===== Source data
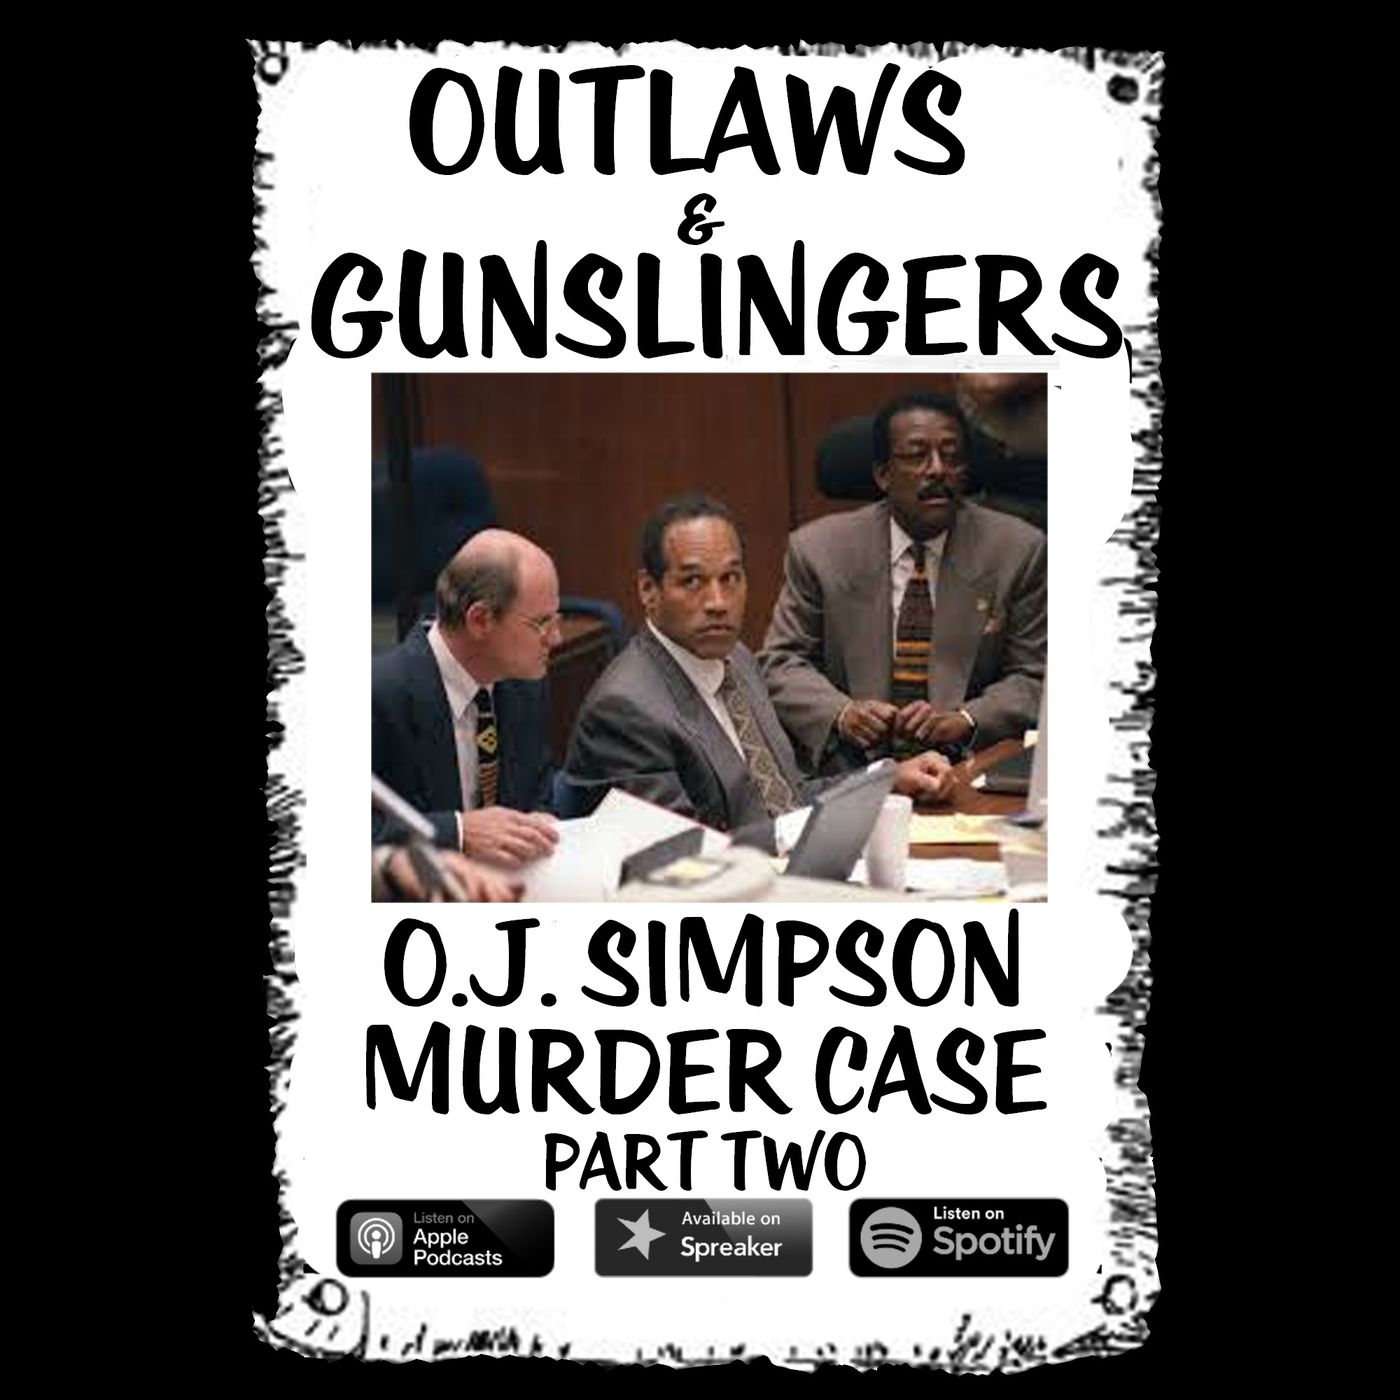 OJ Simpson Murder Case Part 2
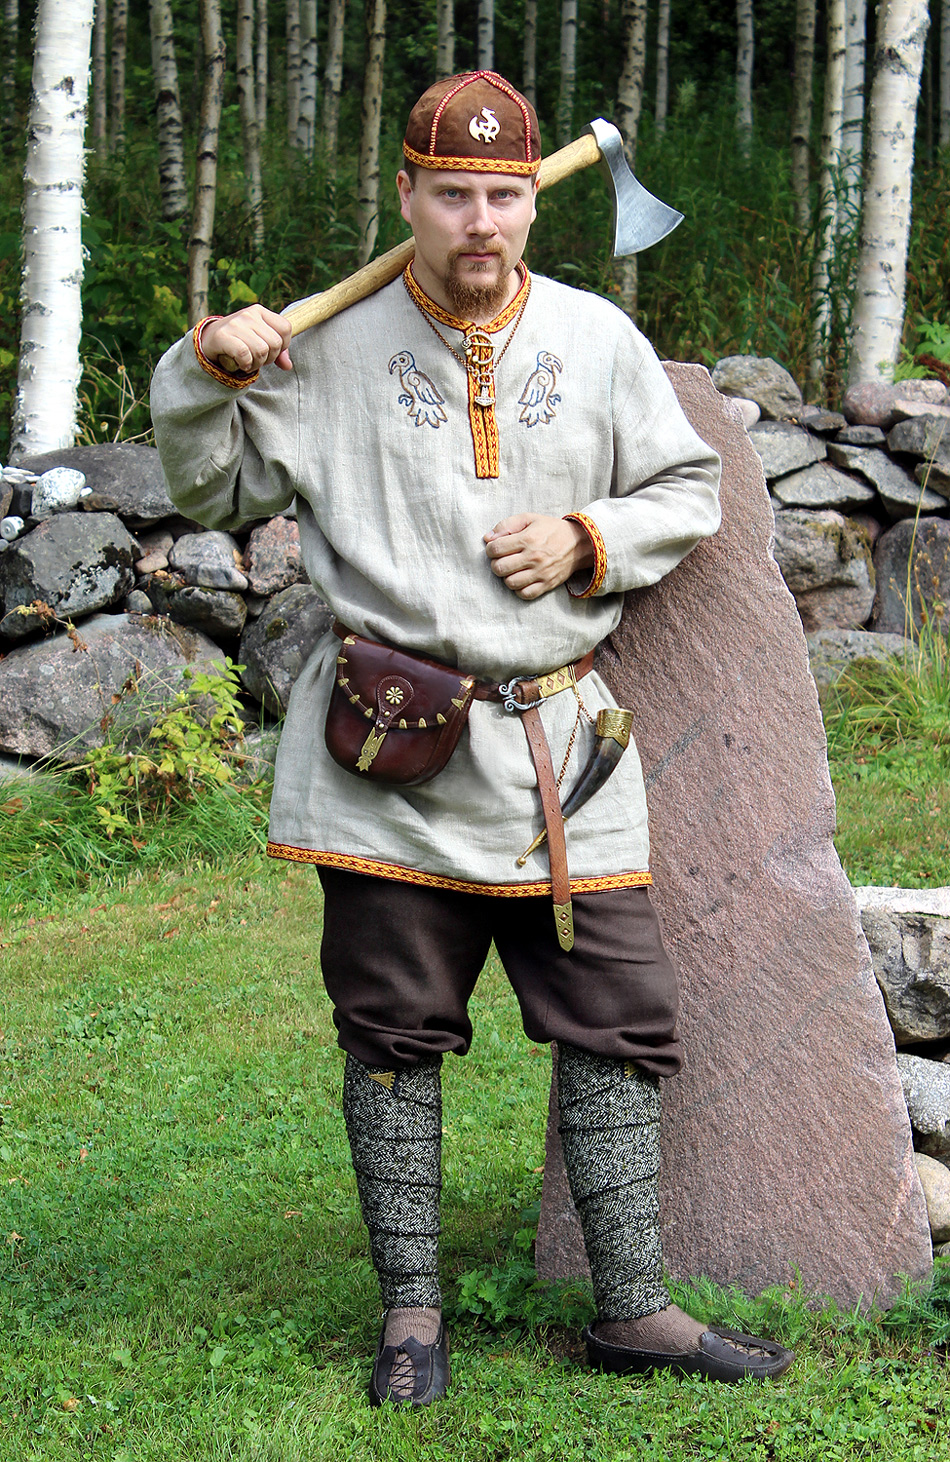 Authentic Viking Costumes
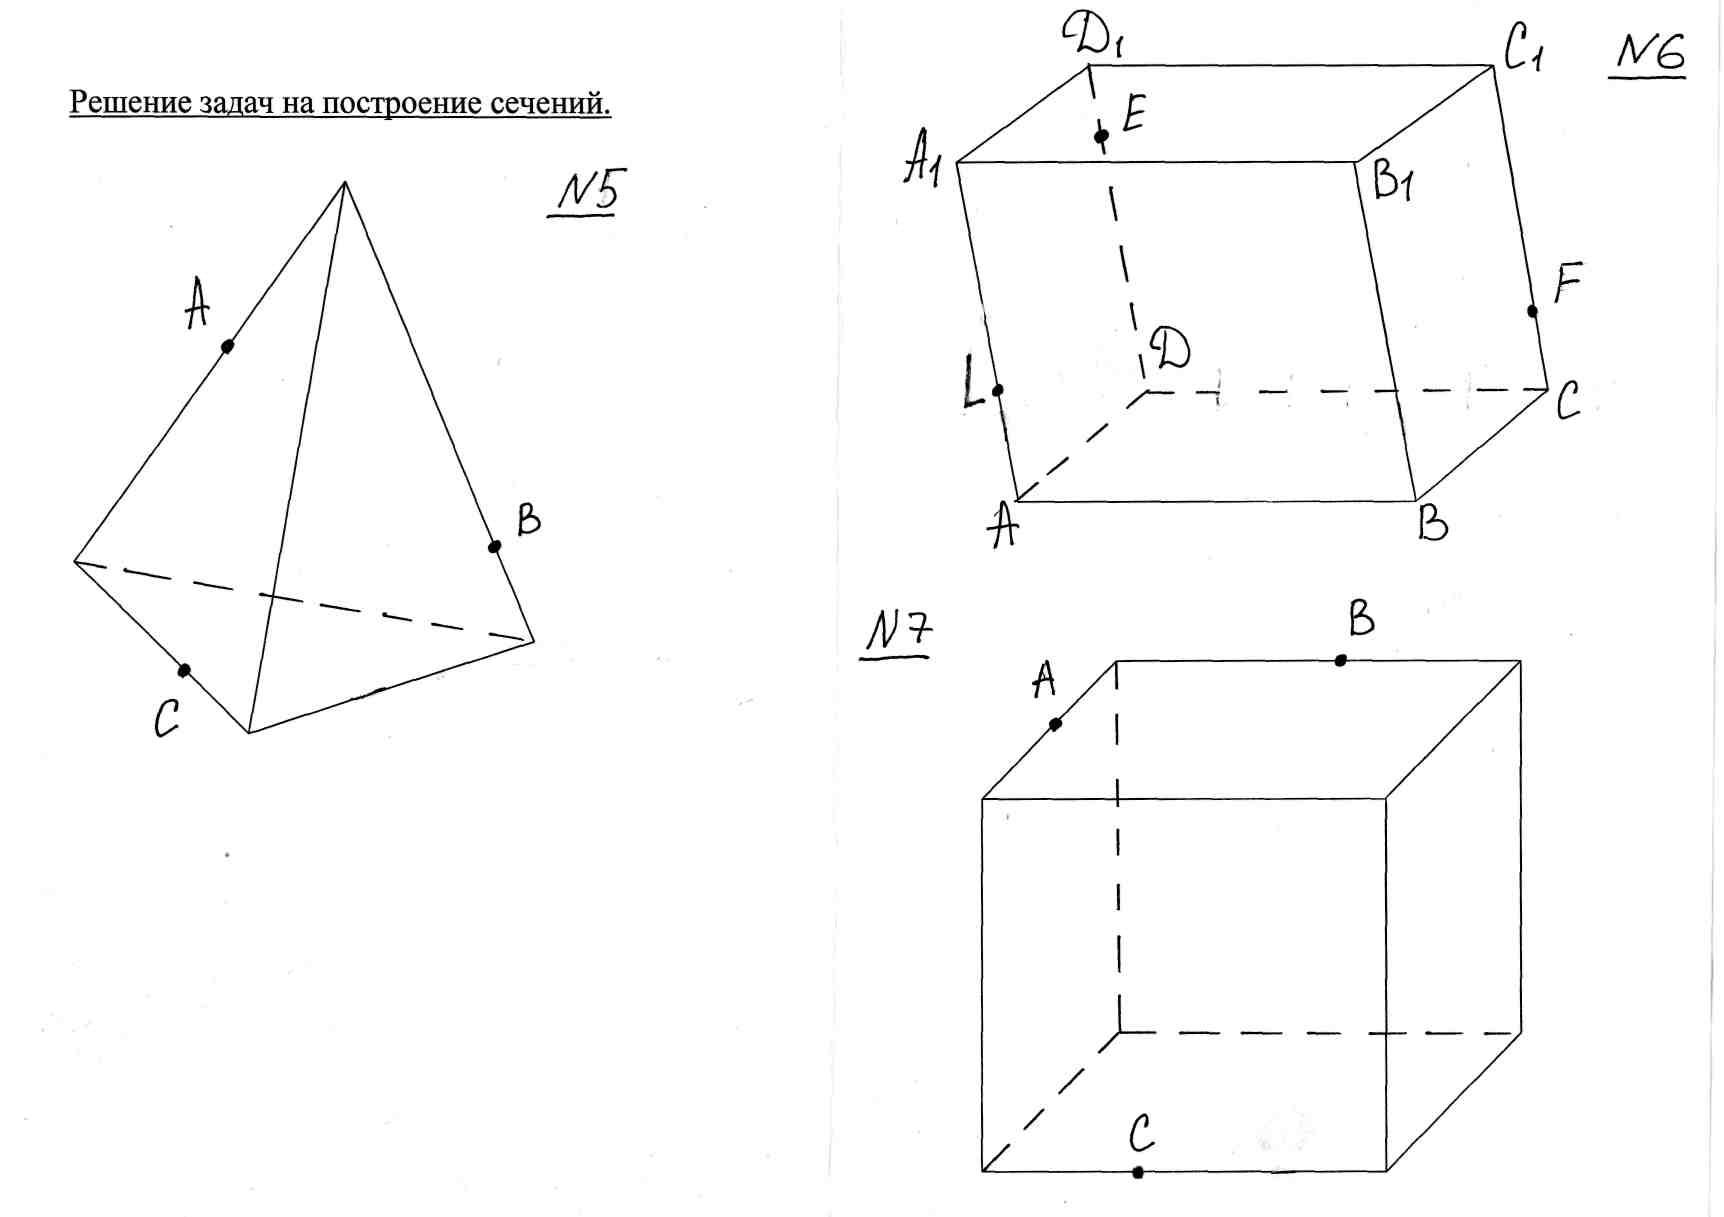 Сценарий урока геометрии в 10 классе по теме Решение задач на построение сечений
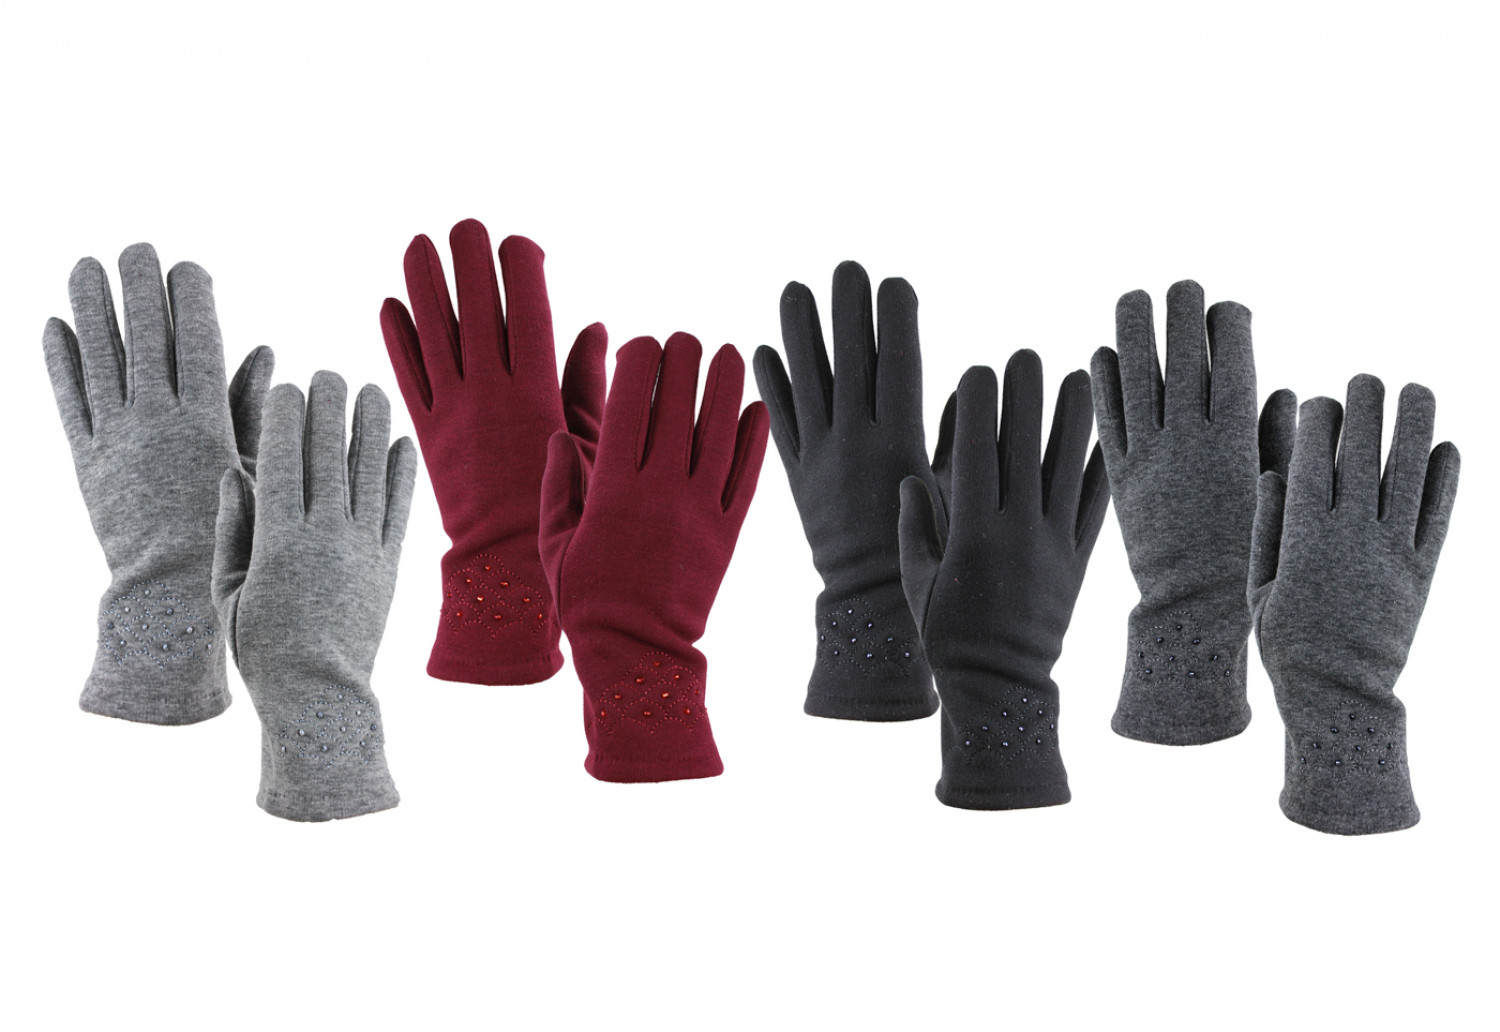 Gloves W1710
==========
● **What is needed**
Please transcribe the lines from the one containing "Сценарий урока геометрии" to the last line of the listing, both included, exactly and with nothing added, leaving every picture out.

● **Response below**
 Сценарий урока геометрии в 10 классе по теме Решение задач на построение сечений
 Gloves W1710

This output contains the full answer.